Information Security Team

Our international team consists of highly skilled security professionals experienced with both attack and defense sides. Our specialists hold many professional certifications like OSCP, OSWE, CEH, CISSP, CCSP, CISM, CompTIA Cloud+, Pentest+, CySA+, Cisco CCNA R&S, CCNA Security, CCNA CyberOps and others.

Our team members participate in various CTF competitions and teams to keep our skills and tools up-to-date. 

We compose the project based teams depending on the technology stack used by the client. This helps us to ensure the best quality of the services provided. We can provide a client with CVs of all staff members we plan for the specific project.

IT Security Services

Internal Network Penetration testing

During this phase, we perform port scans, vulnerability scans, and testing for all computers, devices, databases and networking equipment on in-scope networks. We then validate the scan results to weed out false positives by manually verifying a subset of results within particular vulnerability classes, and review the discovered vulnerabilities.  We include ones marked as “Low” or “Informational”, as well as manually probe the in-scope networks to look for additional methods of entry or compromise not flagged by a scanner.
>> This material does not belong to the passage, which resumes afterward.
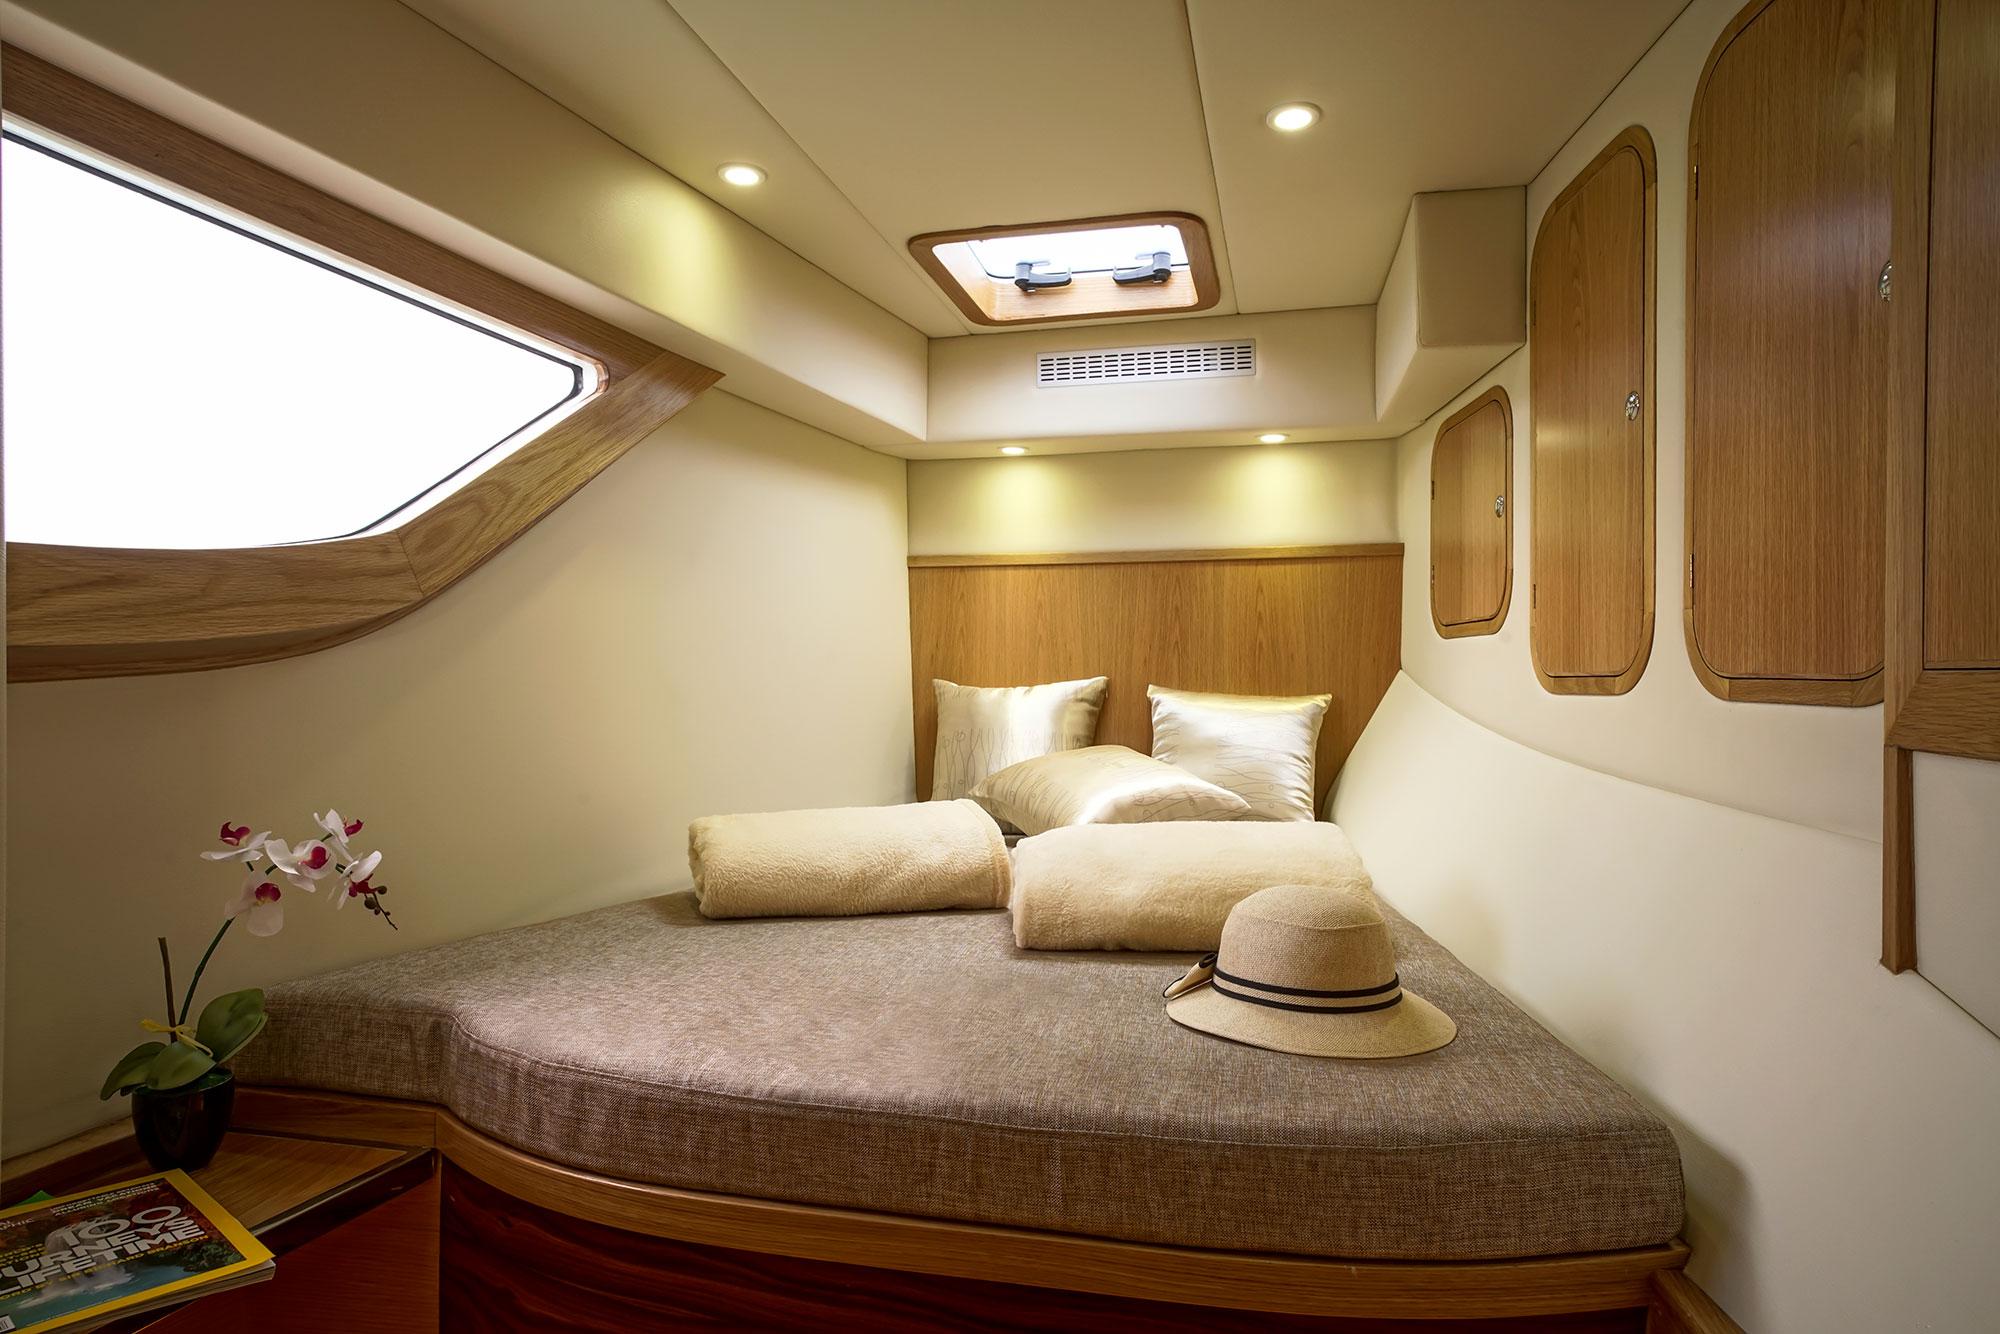 h48 cabin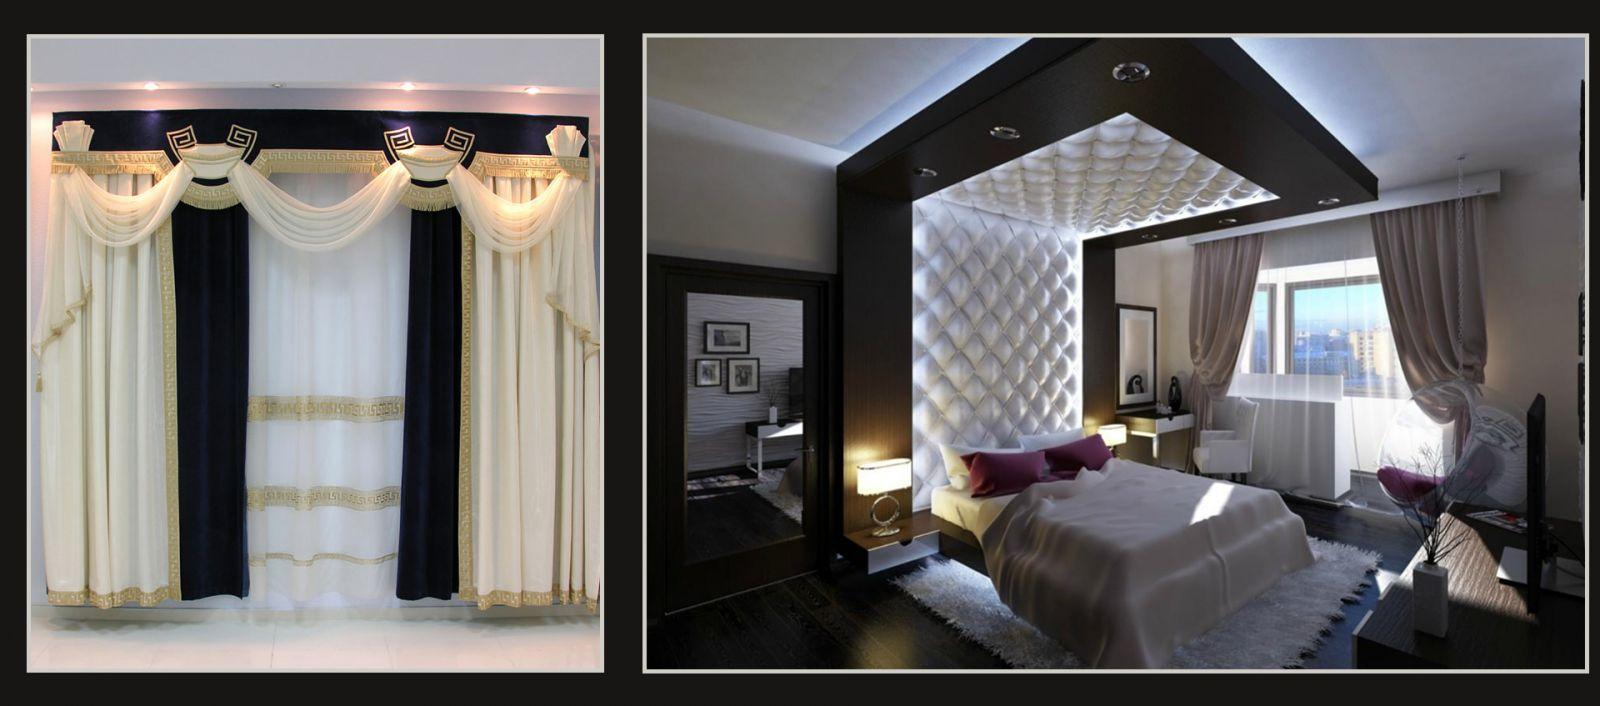 Спальня и шторы в стиле хай-тек

Cloud Security penetration test

A cloud platform can create exposure from network, application, and configuration vulnerabilities that can result in external access to company credentials, internal systems, and sensitive data. Our cloud penetration testing services will identify security gaps in your cloud infrastructure and provide you with actionable guidance for remediating the vulnerabilities and improving your organization’s cloud security posture.
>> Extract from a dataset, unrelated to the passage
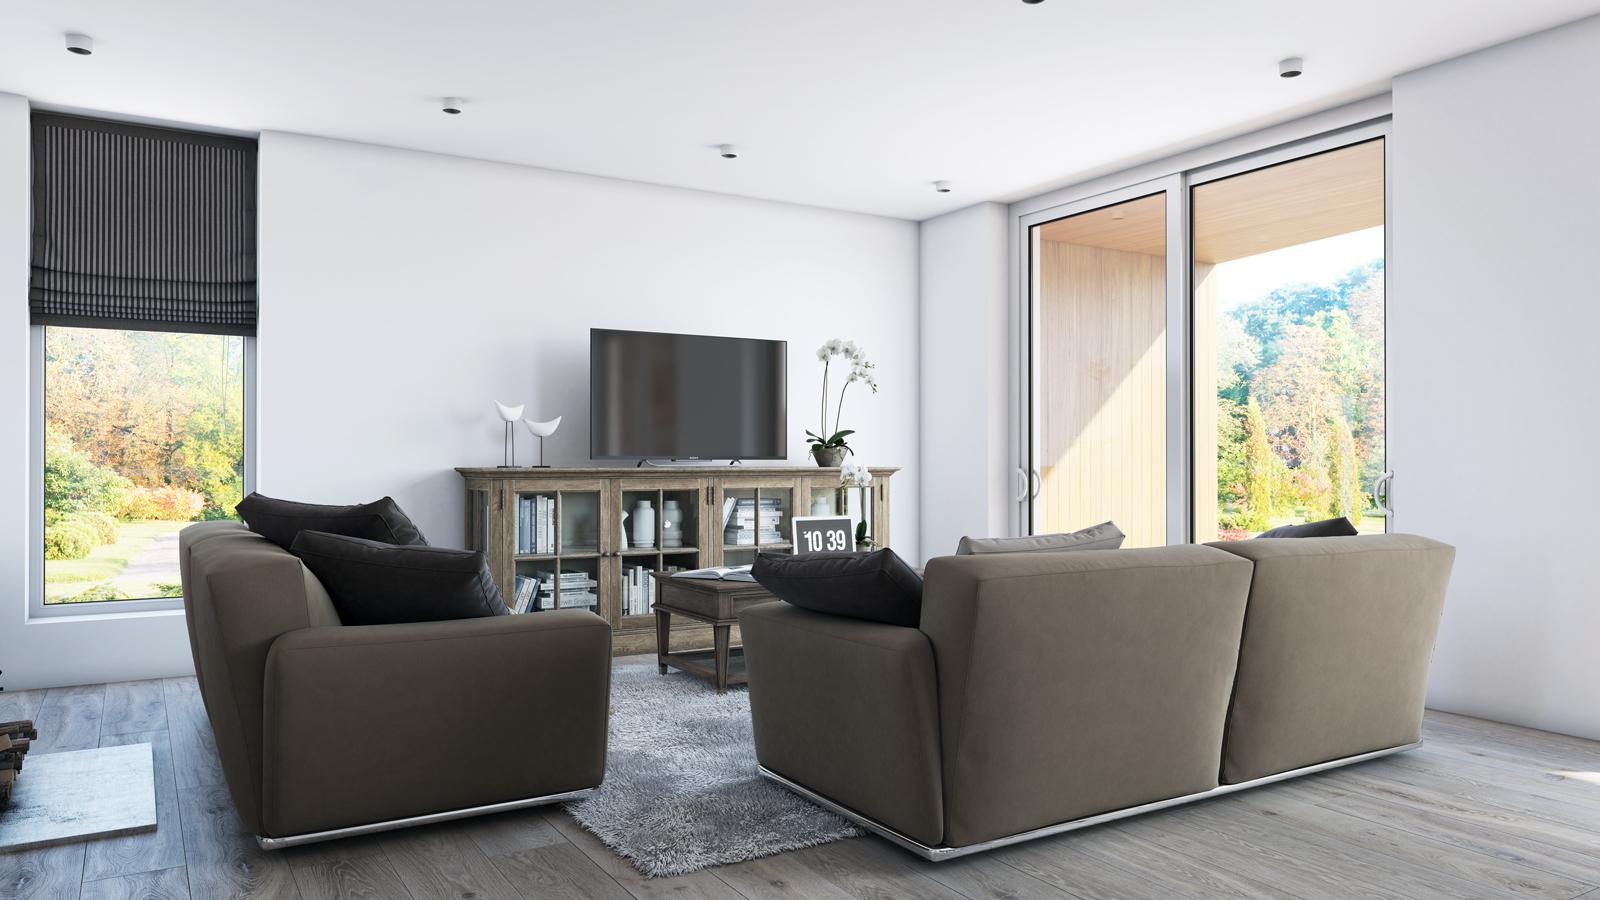 Panneaux maison ossature bois Nordi 04 L 133 m²

Our cloud security pentesting services include:

  • Microsoft Azure
  • Amazon Web Services (AWS)
  • Google Cloud (GCP)

Security Posture Assessment

Security posture refers to an organization's overall cybersecurity strength and how well it can predict, prevent and respond to ever-changing cyberthreats.
Cybersecurity Posture Assessment is a vital first move for any organization toward better understanding of the security status of its information systems and cybersecurity maturity level overall.
Cybersecurity Posture Assessment report provides organizations with clarity and direction in terms of their cybersecurity posture, maximizing the ROI of their security-related expenses.
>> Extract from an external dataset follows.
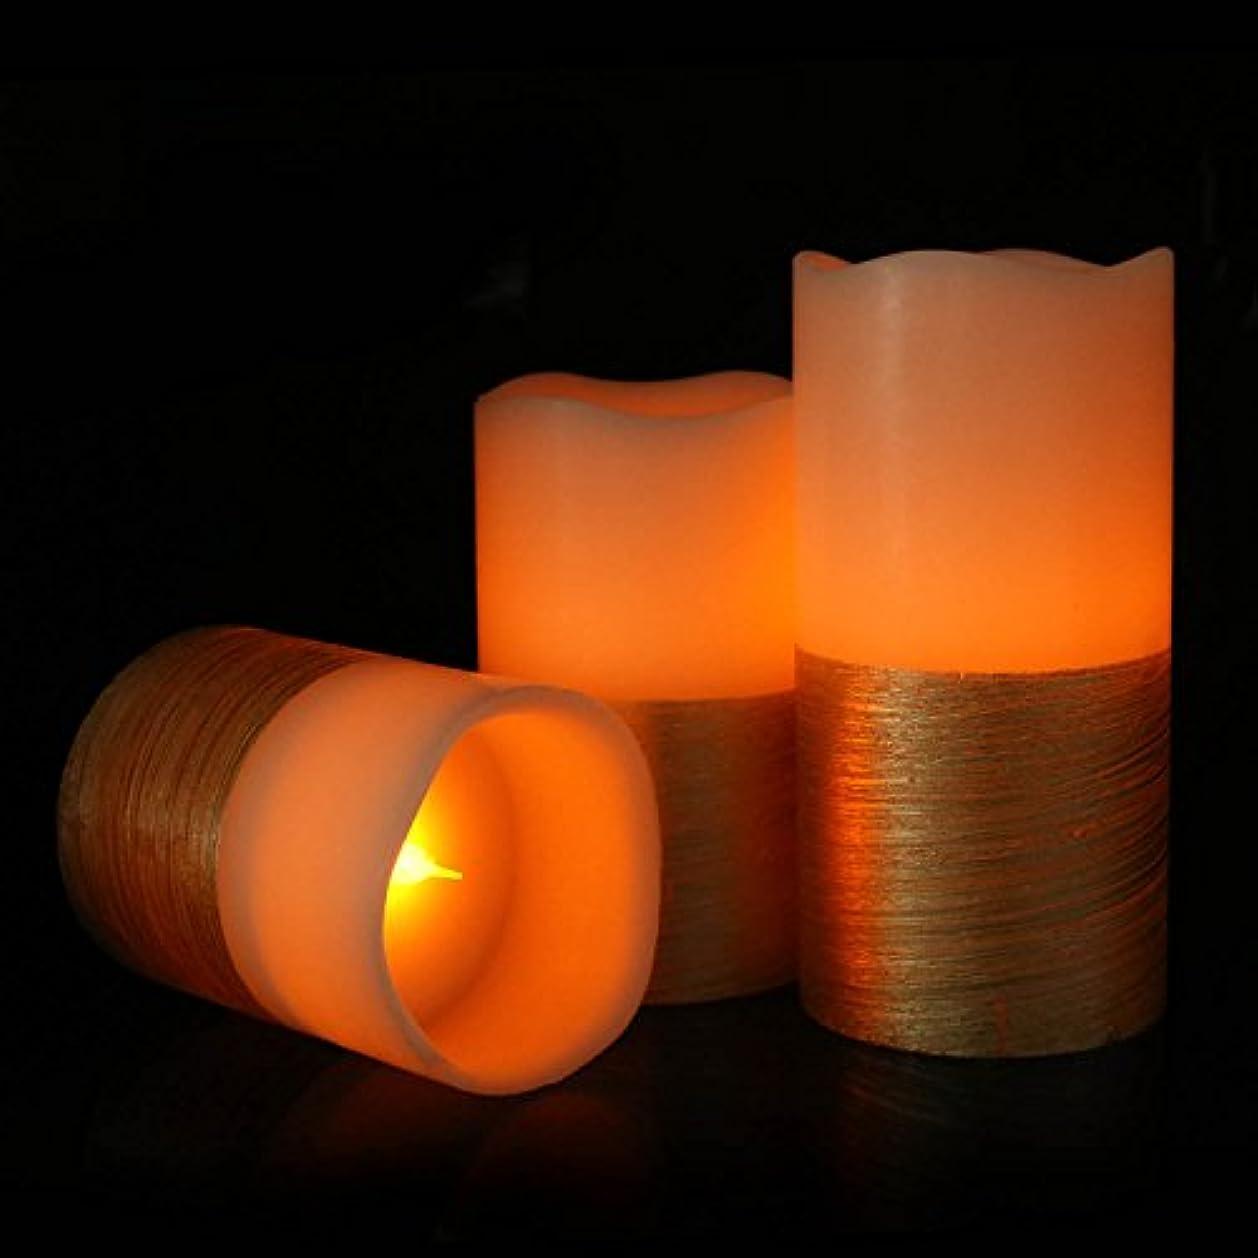 アブストラクトベイビー読むmicandleピラーFlameless Candles – Set of 3 RealオレンジワックスちらつきフレームレスキャンドルLEDピラーキャンドル、電池式 CDL34W49-zq

External Network Penetration testing

How vulnerable is your public facing system?

In an External Penetration test, we perform a vulnerability scan of your company’s externally facing (public) systems, manually verify issues, and exploit issues.

White Box Source code testing

Our team uses a number of Static and Dynamic Application Security Testing tools which can highlight the security vulnerabilities in your code base. Taking into account that software has dependencies on the open-source code and other dependencies, we will check it for the known vulnerabilities to identify if there are any security issues with the dependencies used by your code.

Web Application Testing

We perform an in-depth assessment of web applications in order to discover vulnerabilities caused by programming errors, configuration weaknesses, or faulty assumptions about user behavior. Both manual inspection and automated scanning tools are used to identify vulnerabilities.

Insider threat assessment

Mimicking the activities an attacker or malicious insider might perform.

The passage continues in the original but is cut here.